The Province and local districts use well registration data when developers want permits to build houses and drill a well for each house.  If your district/municipality knows that you have a well in place they will consider the viability of granting any further building permits that may interfere with your well. If your well is not registered and no one knows about it, you may find that new subdivision wells have affected or dried out your existing well.  There is no legal recourse if this happens – you are just out of water.
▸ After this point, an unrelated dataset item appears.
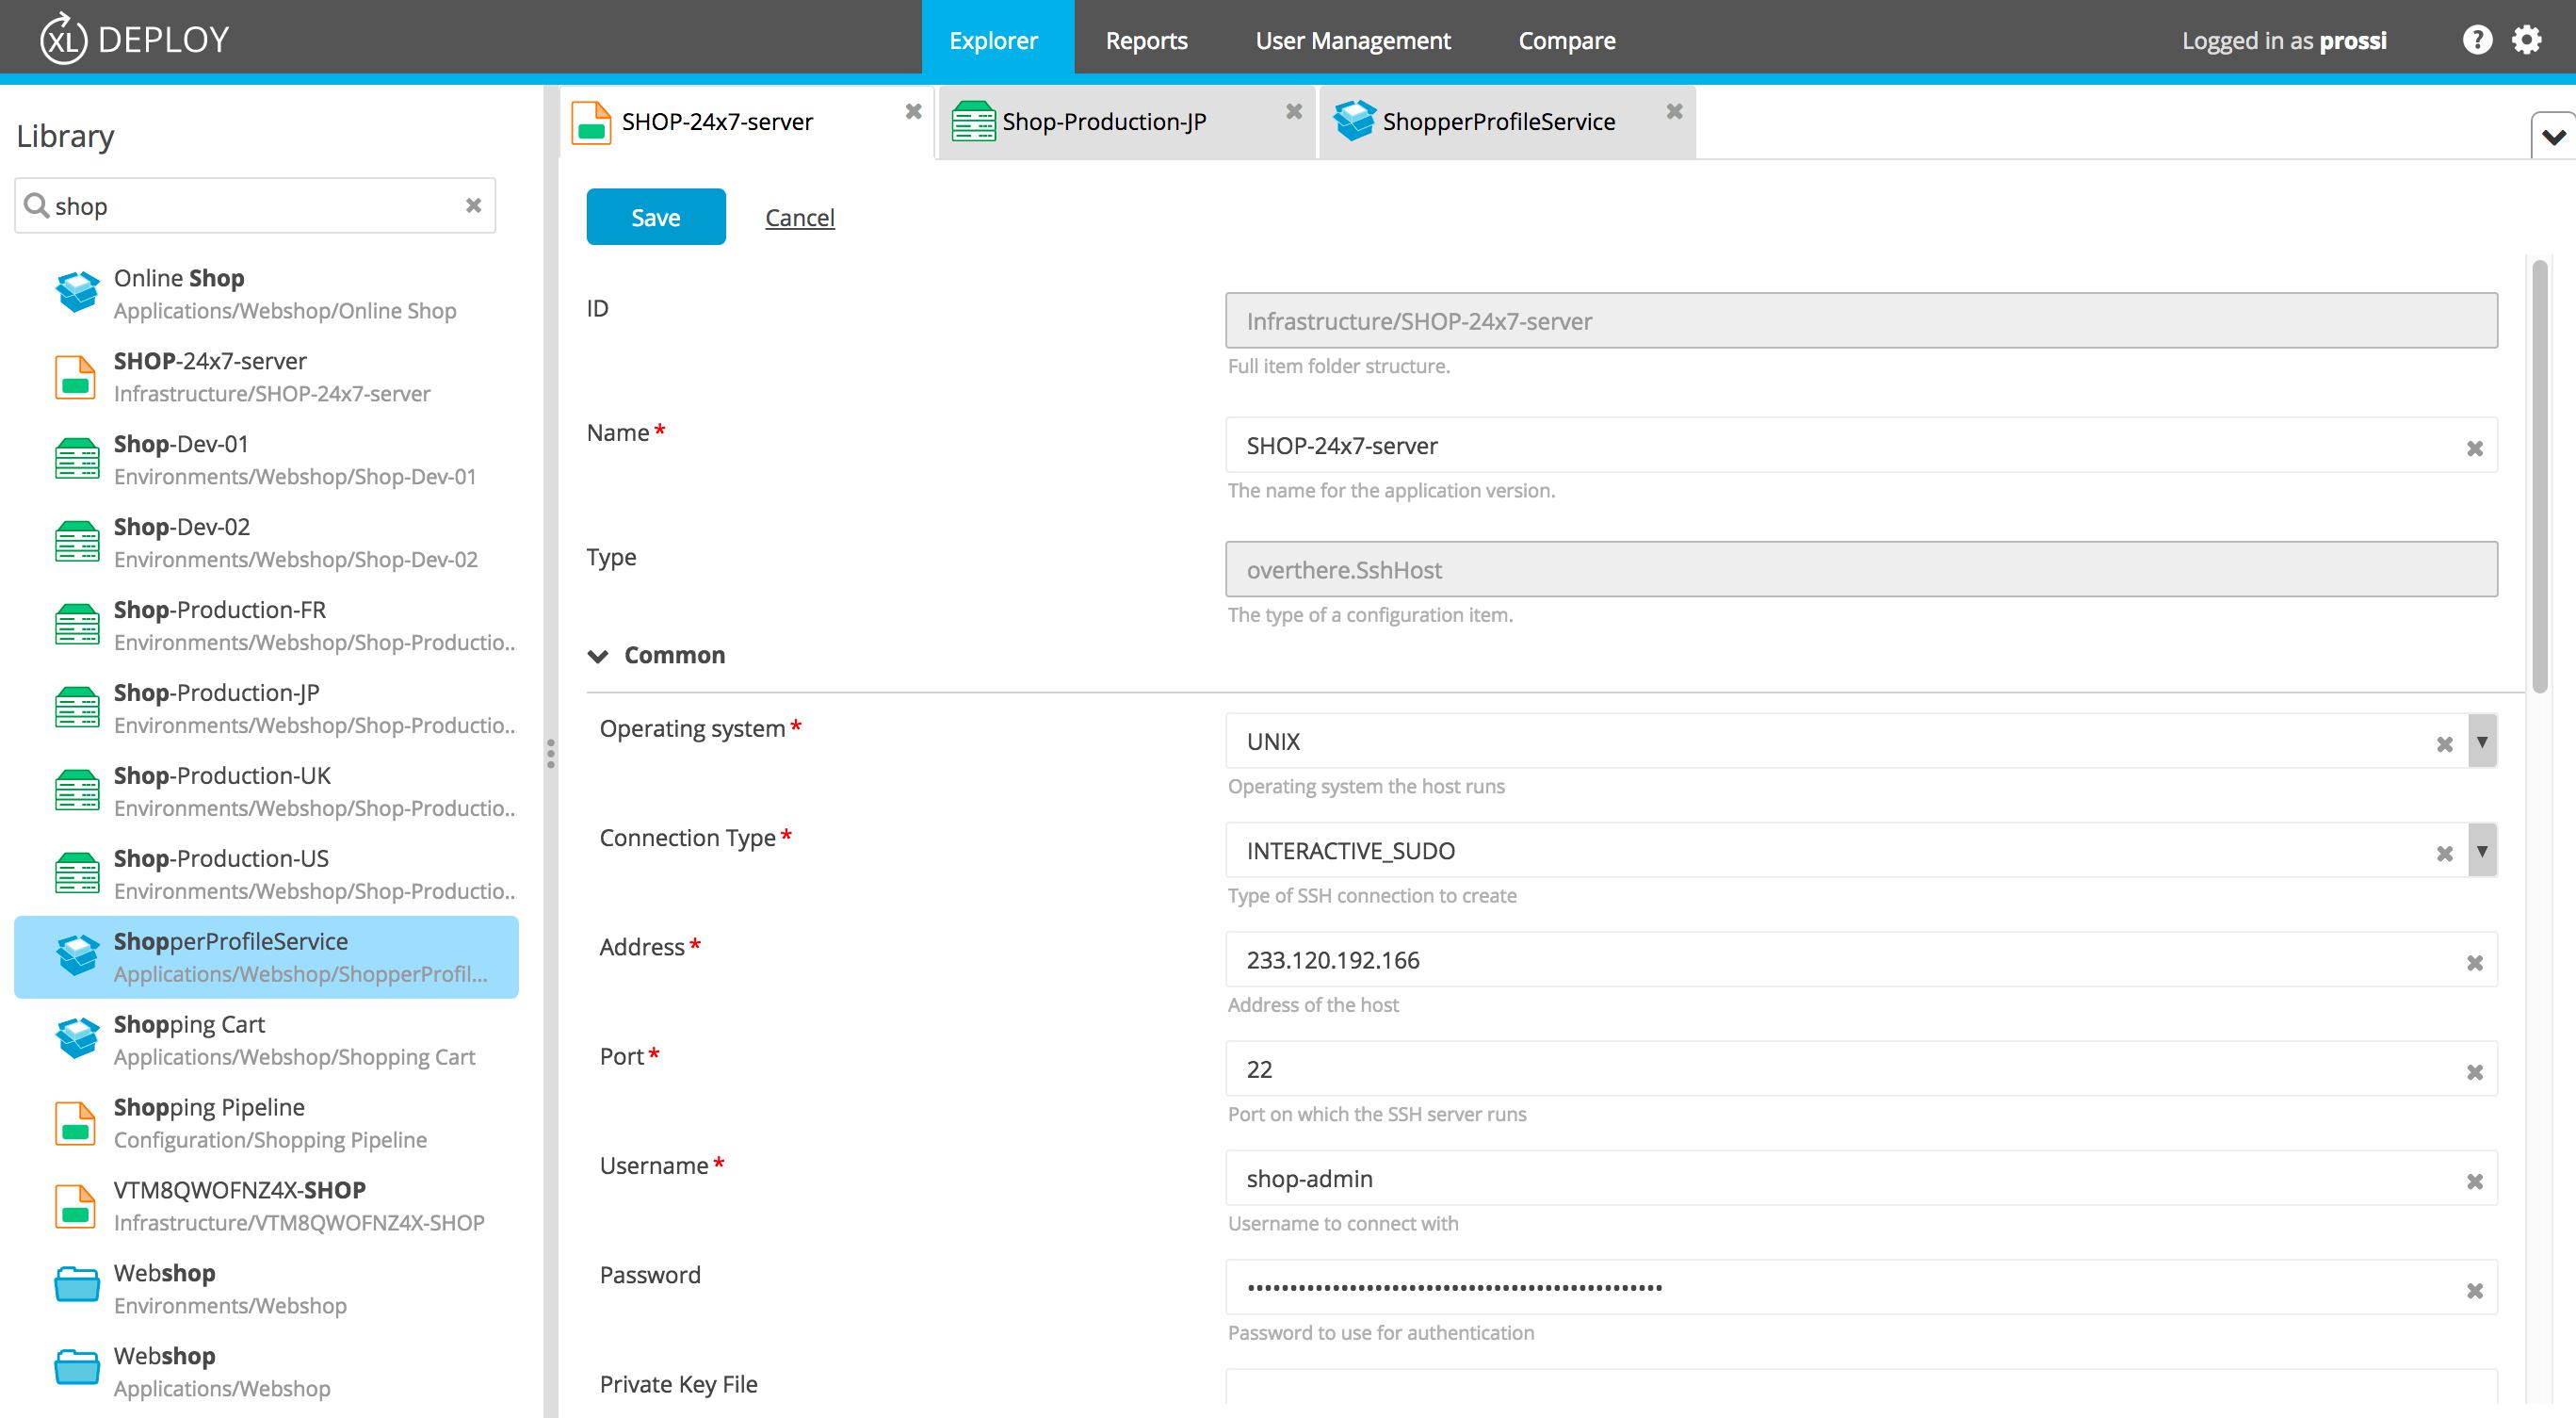 XL Deploy v7.0 Configuration Management

The BC Wells and Aquifer Map web site shows all the known, registered and licensed wells in the province making clear how many British Columbians depend on wells.  As you drill down on the map to the south Vancouver Island area you will see exactly where the wells are located, lot by lot.  Going further you can find the complete record of each well, drill date, depth, flow rate and more. 

Each well has a static water level.  This level is the point at which the water pressure pushing the water up the well is balanced by the air pressure weighing down on the water. Provincial monitoring wells measure the fluctuations in the static water level. As the aquifer dries out there is less water pressure and the level drops.  When the aquifer is replenished from surface rains, the level goes up. 

Using domestic wells as monitoring wells makes it more difficult to see the long term changes, since every time you take water out of the well you will do so faster than the well fills up again.  So this “drawdown” is a temporary and local change in a single well. Over time, however, it is still useful to measure domestic wells and “sort out” the daily drawdown to see the longer term data and thus to see the yearly fluctuations in the aquifer. The CRD and Front Counter BC both have a wealth of information on all topics related to wells on their websites.

My wife had a great analogy for the effect of climate change on rainfall, aquifers and wells.  She said, “Pretend that you like to have two cups of coffee at a leisurely breakfast.  Your cup is like the aquifer.  The rain that falls, symbolized by your coffee, comes in a shorter period of time because of climate change.  So the coffee cup fills up with two cups of coffee at the same time. The second cup spills over the brim and is lost.  You end up with one cup of coffee.”  The same is true of wells and aquifers. We might get the same amount of rain per year, but we are getting it in shorter and shorter periods of time.  Once the aquifer is full the rest of the rainfall is lost and cannot be retained by the aquifer. Then, over a long dry period that aquifer is not refilled. 

Building rain swales, or retention ponds, will capture that excess water and slow it down so that it is able to infiltrate slowly into the ground. It would be like putting a bowl under your coffee cup to catch the excess coffee, so you can enjoy that second cup.  

Rainwater harvesting is a growing industry in the South Island and for those whose wells have gone dry, it is a necessity to catch that extra rainfall when they can.